The defensive backs were fine actually; it was linebackers over the middle who struggled.  Not too big of a concern since the Eagles' big 3 (DeMeco, Kiko and Mychal) were all out. Still, given all of the talk about how loaded the team is at ILB it would have been nice to see them shut down some of those passes.

3. Failed Auditions.

Jaylen Watkins, Travis Raciti and Jordan Hicks all whiffed on a red zone run, allowing a Josh Robinson a second half TD that was way easier than it should have been.  Najee Goode looked like a great depth ILB last year before his injury, but he did his prospects no good in this game.

4. Tim Tebow.

Despite a tough 7-yard touchdown run and a couple of good passes when he first took the field, Tebow had a rough day.  He held on to the ball too long, couldn't find open receivers and took several sacks.

4. Matt Barkley.

Barkley had a better day than Tebow, finishing 12/20 for 192 yards, and moved the team well.  He had an INT which was more a bad decision to throw past the DE who deflected it than it was a bad pass.

He was really mixed more than bad, and started with two perfectly placed long balls -- one to Miles Austin -- but Barkley's throws remain floaty.  These will be easy pickings for starting DBs.  He showed nice speed escaping a sack, and a good slide. (Sanchez had a good scramble but dove forward instead of sliding.)  Barkley is in the bad category mostly because there weren't too many other things to complain about.

5. Cody Parkey.

Parkey was a great pickup for the Birds last year, but he missed an extra point (now 33 yards of course) and a 34-yard field goal.  He has missed two kicks in 2 of his last 3 games, going back to week 16 against Washington last year, which the Eagles lost by 3. So this could be a serious problem going forward.

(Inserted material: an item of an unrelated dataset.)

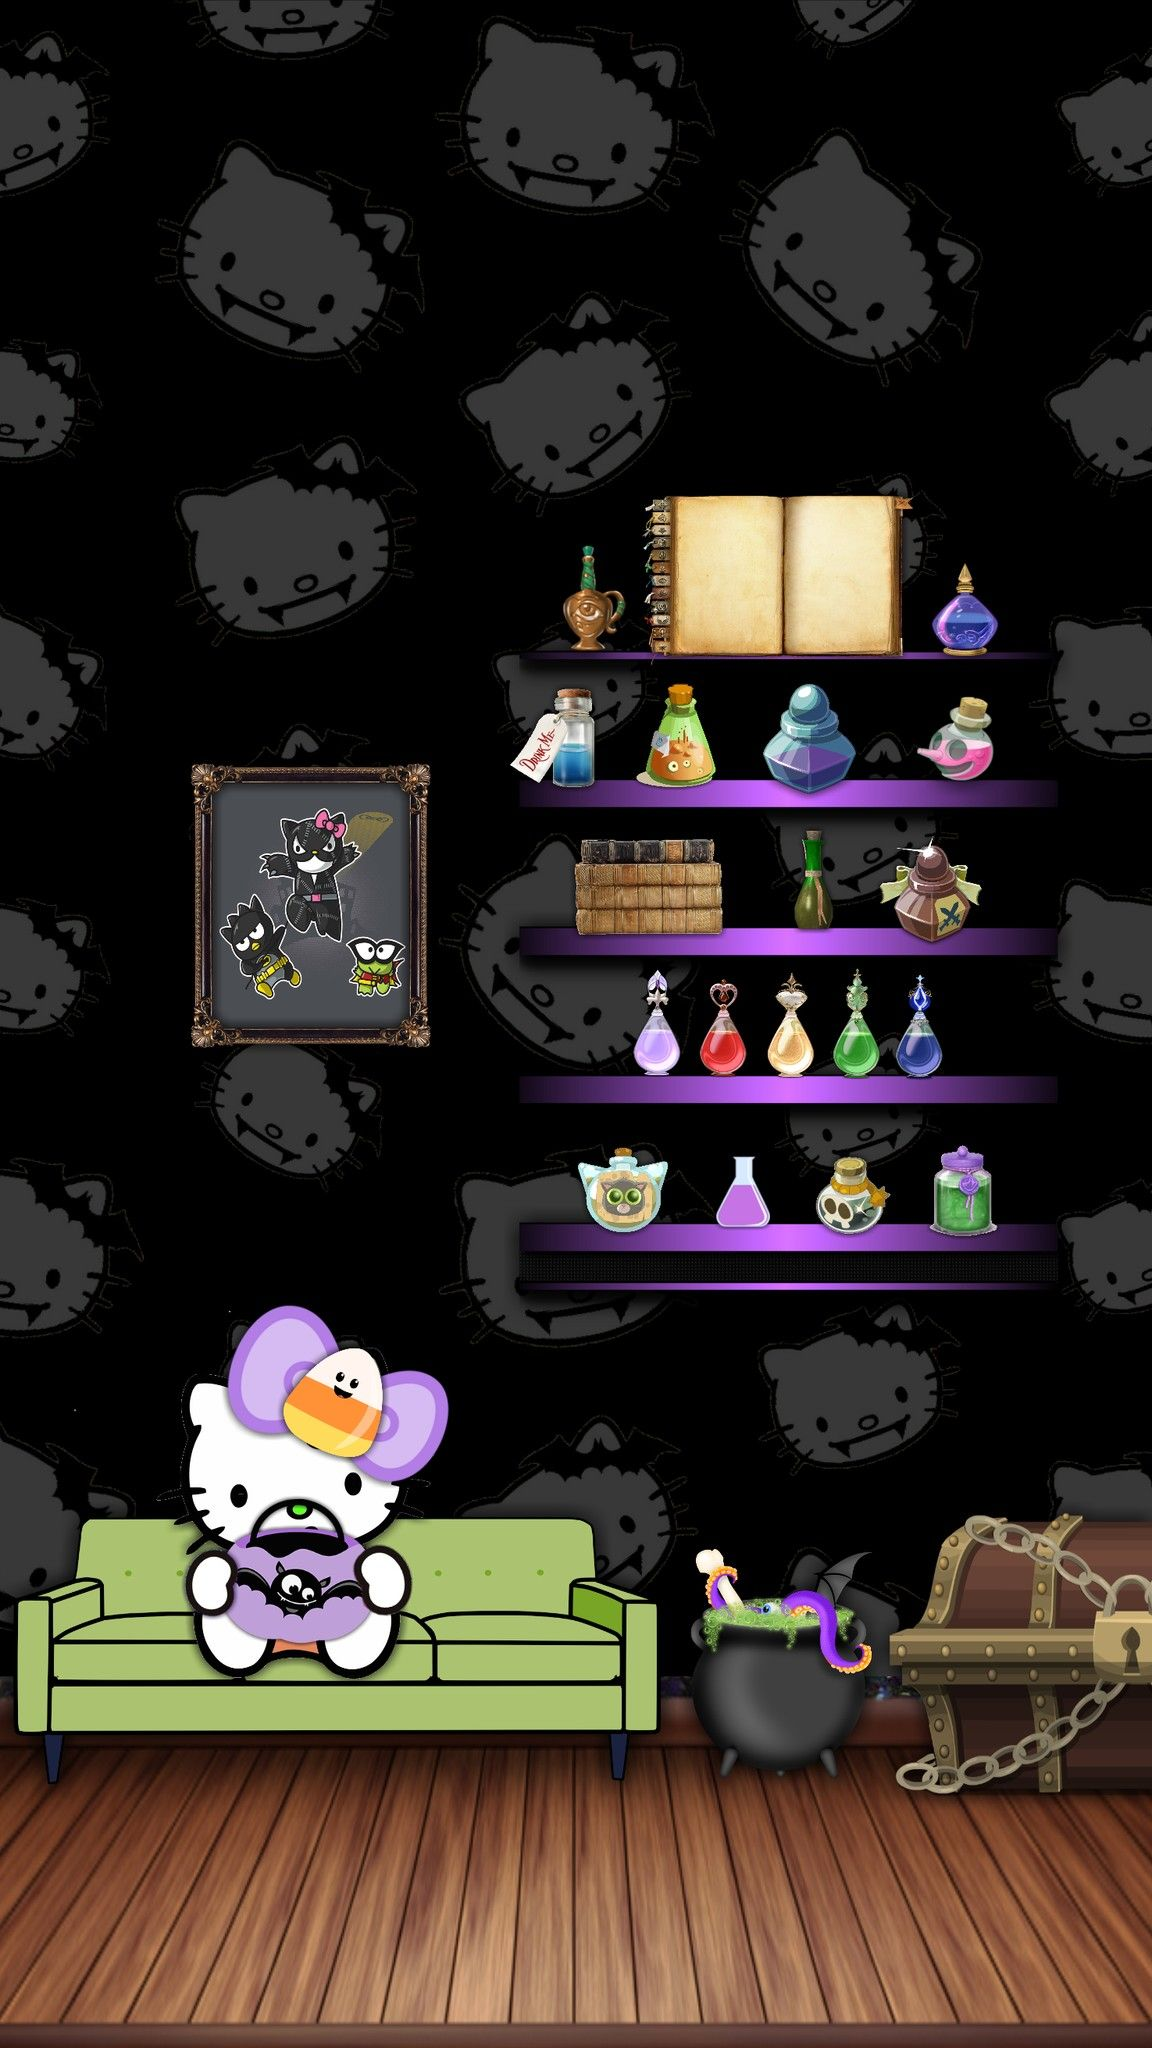 Wonderful Wallpaper Halloween Hello Kitty - 903376421673be4dab5b4e8d9704764a  Pic_516540.jpg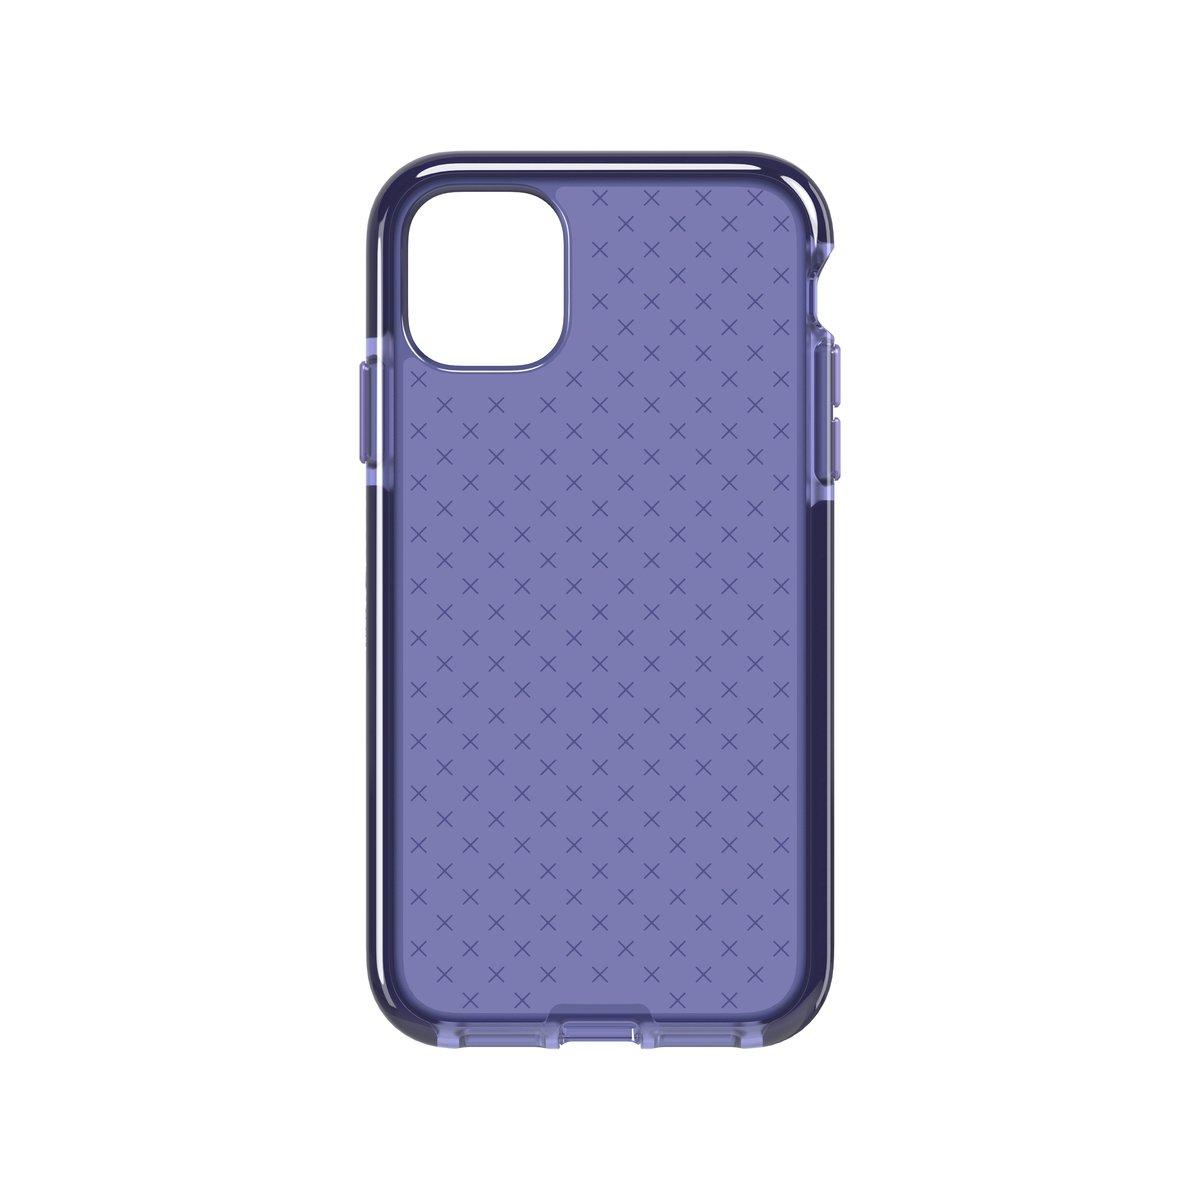 Evo Check for iPhone 11 - Indigo

The odd thing is distance is never the problem, and Parkey always misses wide right on his bad kicks. He also missed a 33 yarder in the National Championship Game for Auburn. Why is that not correctable? And why is 33 yards his hardest distance?

...

Good and bad, it was a fine start to the year. Perhaps best of all, there were no apparent big injuries, though OLB Jordan DeWalt-Ondijo left the game early.